The iPod had a somewhat similar trajectory. The first gen version was pretty much just another MP3 player and iTunes didn't even run on Windows at first.
No, because next word predictors are fundamentally limited in their capabilites and have interest problems. This isn't something you can just iterate on to fix. You need a different architecture.
the worst was it was ATT only and they had a coverage hole on the block where I lived so I had to get rid of it for something supported by verizon. didn't go back to an iphone until 10 years later.
> The first steam engines were also written off as being less powerful than a horse.
Which steam engine do you mean and do you have a citation for this comment? The first industrial steam engines were based on the Newcomen design and were used to pump water out of mines. Their big drawback was efficiency, not power. They were only economical in coal mines, which had fuel immediately available at near zero cost.
> I think both of these views can be true at the same time: ChatGPT (or, LLMs really) are revolutionary and they won't revolutionize the world the way technologists/researchers say.
This is pretty much what I've seen. ChatGPT (that's 3.5, right? GPT3 was interesting but still pretty laughable) was a massive step forward, and incredibly exciting to witness and interact with. But it still does have limitations, especially if you try to separate hype (which comes from an ecosystem of people who have incentives to hype it) from reality.

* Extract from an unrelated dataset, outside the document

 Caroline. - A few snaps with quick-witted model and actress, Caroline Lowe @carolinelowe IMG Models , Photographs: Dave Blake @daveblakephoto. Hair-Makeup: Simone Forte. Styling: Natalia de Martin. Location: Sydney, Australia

> The first steam engines were also written off as being less powerful than a horse.
This may not be the best example considering that steam engines were around since at least 20BCE[0] but the first successful application wasn't till almost 1700.

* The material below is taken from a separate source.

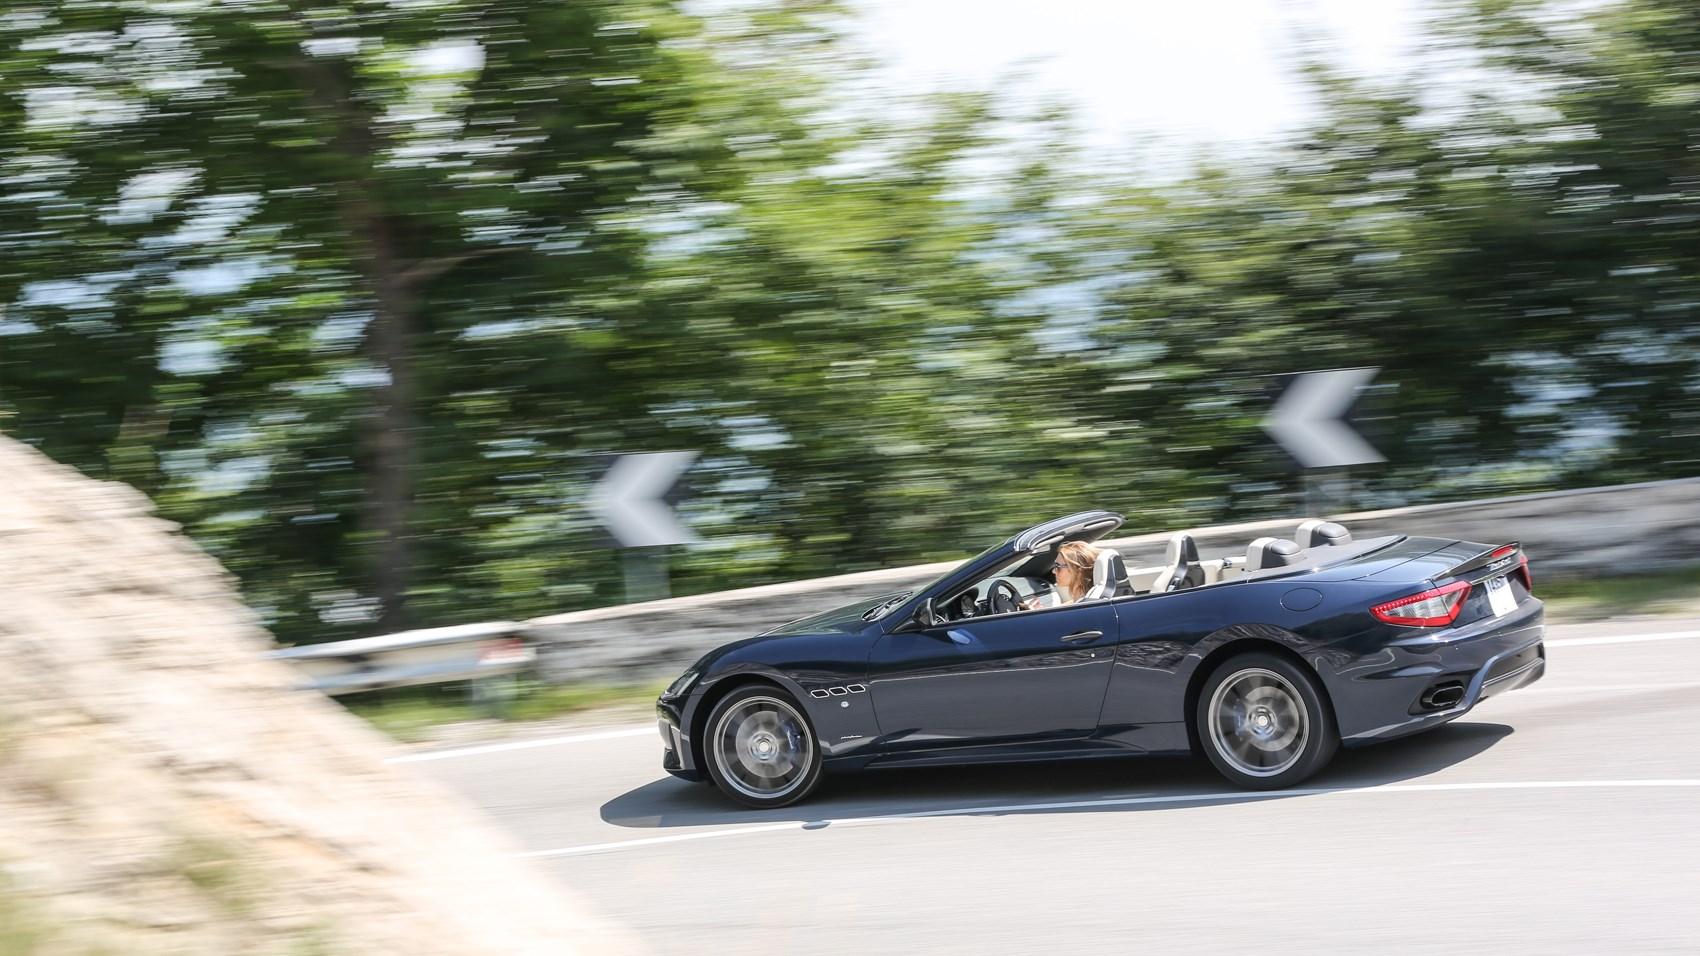 Maserati GranCabrio side panning

Large Language Models aren't a silver bullet – they don't solve all your problems. But they are a holy grail – as a universal common sense module they give IT systems a capability they never had before, a capability which has been sought after from since computers became a thing, a capacity for common sense.
We now have that capacity and that alone will revolutionize the world. The chatbots aren't about chat, they are about common sense.

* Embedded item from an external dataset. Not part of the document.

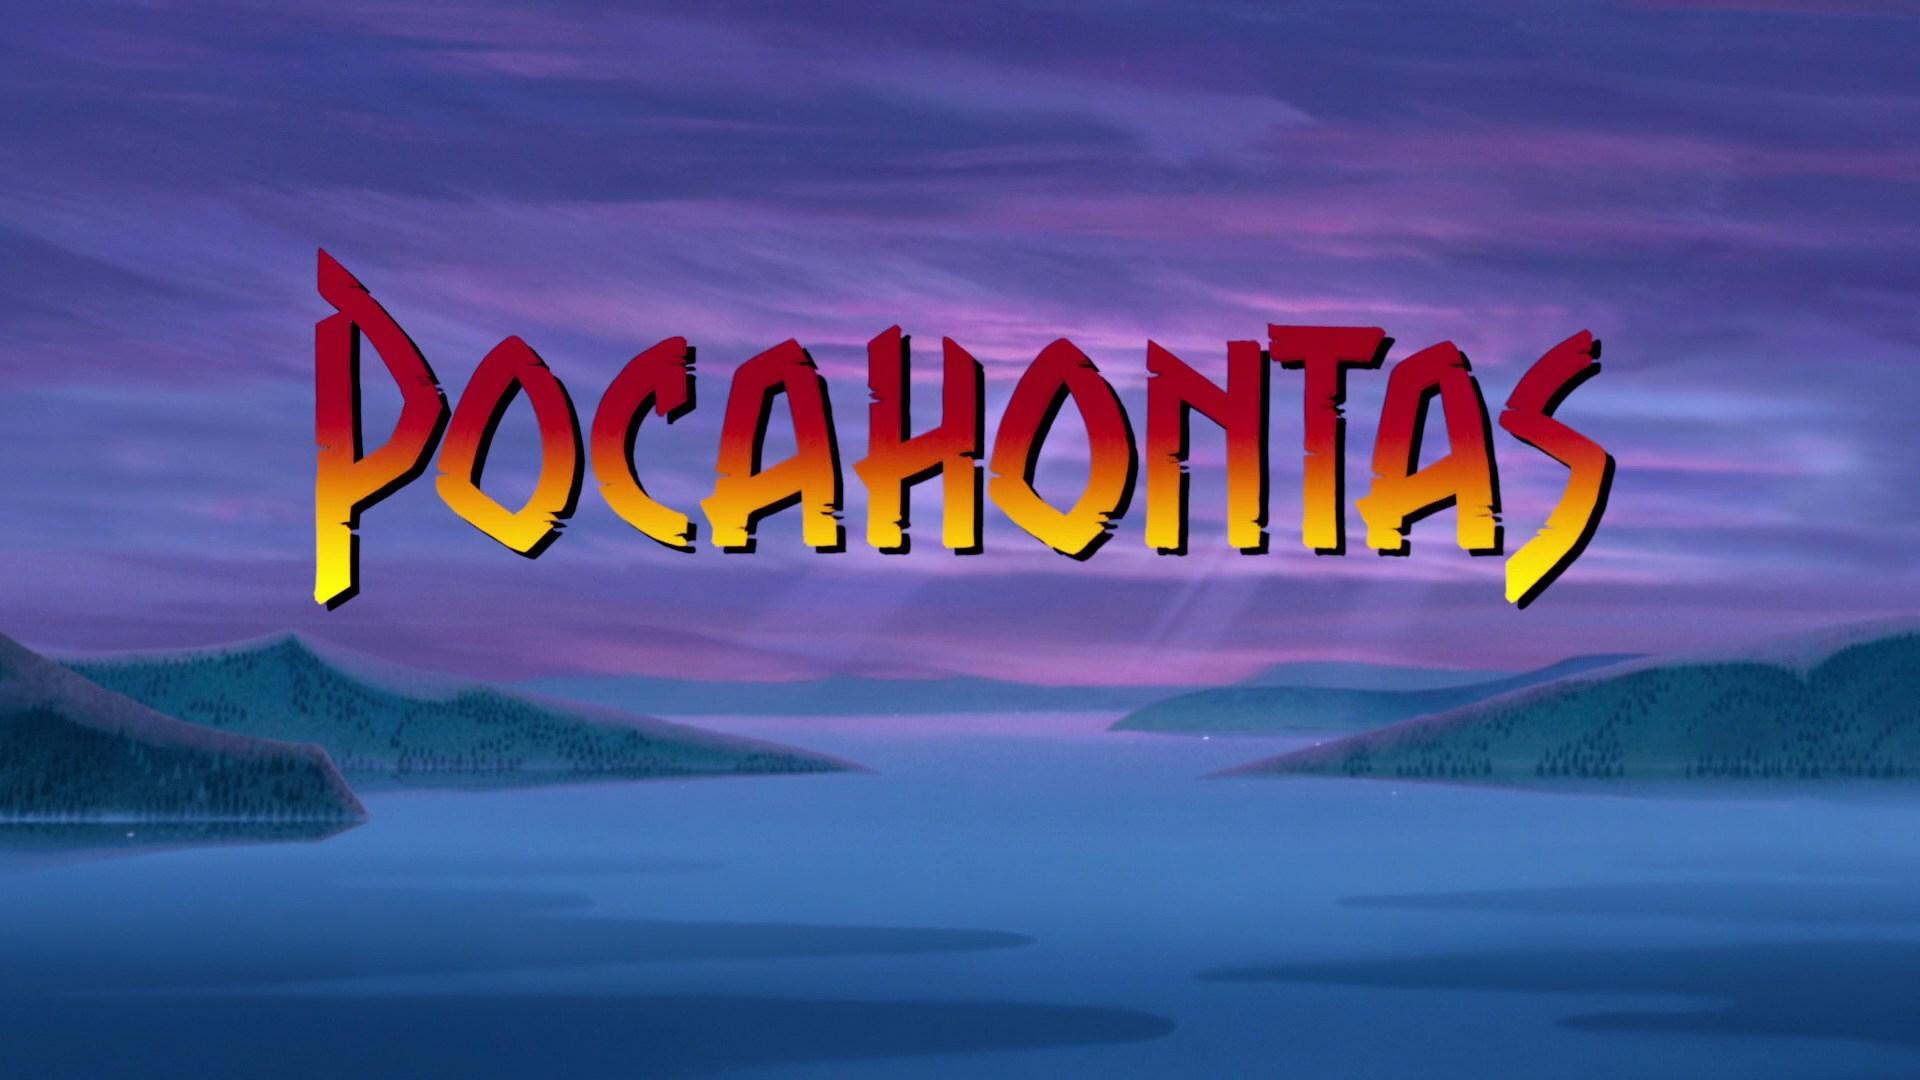 Pocahontas (Disney Svenska) (@charlesj6ibbs) Cover Image

Like the article, I am only talking about technology that already exists although the progress in deep learning is still super-exponential.
We will certainly achieve AGI during this year as it will only require making these systems self-play like we did with AlphaGo -> AlphaZero -> MuZero. Self-play, or reinforcement learning with machine feedback will skyrocket the performance of these systems in language domain, which conveniently encompasses much of what is still missing for AGI.
You've got it exactly backwards. They're not about common sense; they're about chat.
LLMs act in insensible ways all the time. They contradict themselves. They hallucinate. If you ask an LLM to follow a simple but long logic puzzle and show you its work, it will often make extremely obvious errors and fail to notice even when you ask it to review its work.
What LLMs can do is coherently string together language. That requires sophisticated linguistic understanding, and LLMs are pretty impressive for it. But merely understanding language is not intelligence, or even common sense. I suspect we're approaching the limits of what we can get out of statistical language generation.
Actual AGI would require a logical model of the world, not a probabilistic model of language. Looking at non-human animals, we can see problem-solving evolved long before language did. Language is a second-order phenomenon we use to express first-order problem-solving conclusions about the world, and I'm skeptical that we'll ever manage to accurately recreate first-order problem-solving by training models on the second-order linguistic artefacts of problem-solving. It's actually very easy to create superficially-realistic second-order problem-solving artefacts which, when examined with first-order problem solving capabilities, don't stand up to scrutiny—i.e. contradictions, hallucinations, and faulty reasoning. I suspect that, when computers do learn to problem-solve, it will have been by training to solve problems.
There's also no way we'll get the kind of growth you're predicting from self-play. When it comes to a simple competition like a board game, it's easy to optimize for more skilled play. But there's no objective way to win a conversation. Maybe we'll get some gains out of training these systems against each other, but it's just not a clearly viable use case.
> Like the article, I am only talking about technology that already exists although the progress in deep learning is still super-exponential.
> We will certainly achieve AGI during this year as it will only require making these systems self-play like we did with AlphaGo -> AlphaZero -> MuZero. Self-play, or reinforcement learning with machine feedback will skyrocket the performance of these systems in language domain, which conveniently encompasses much of what is still missing for AGI.
There’s an important difference between exponential and sigmoidal curves. The early stages are indistinguishable, and not enough time has passed to judge.
Personally, I don’t think AGI is possible with current techniques. You say all that’s needed is self play or RLHF. This is categorically not true. It doesn’t even guarantee that AIs will ever care whether they’re alive, a fundamental property of sentience.
There is likely a definitional gap here. Sentience is unnecessary for intelligence for my definition of intelligence, but agreeing on a common definition has been tough when we understand it so poorly.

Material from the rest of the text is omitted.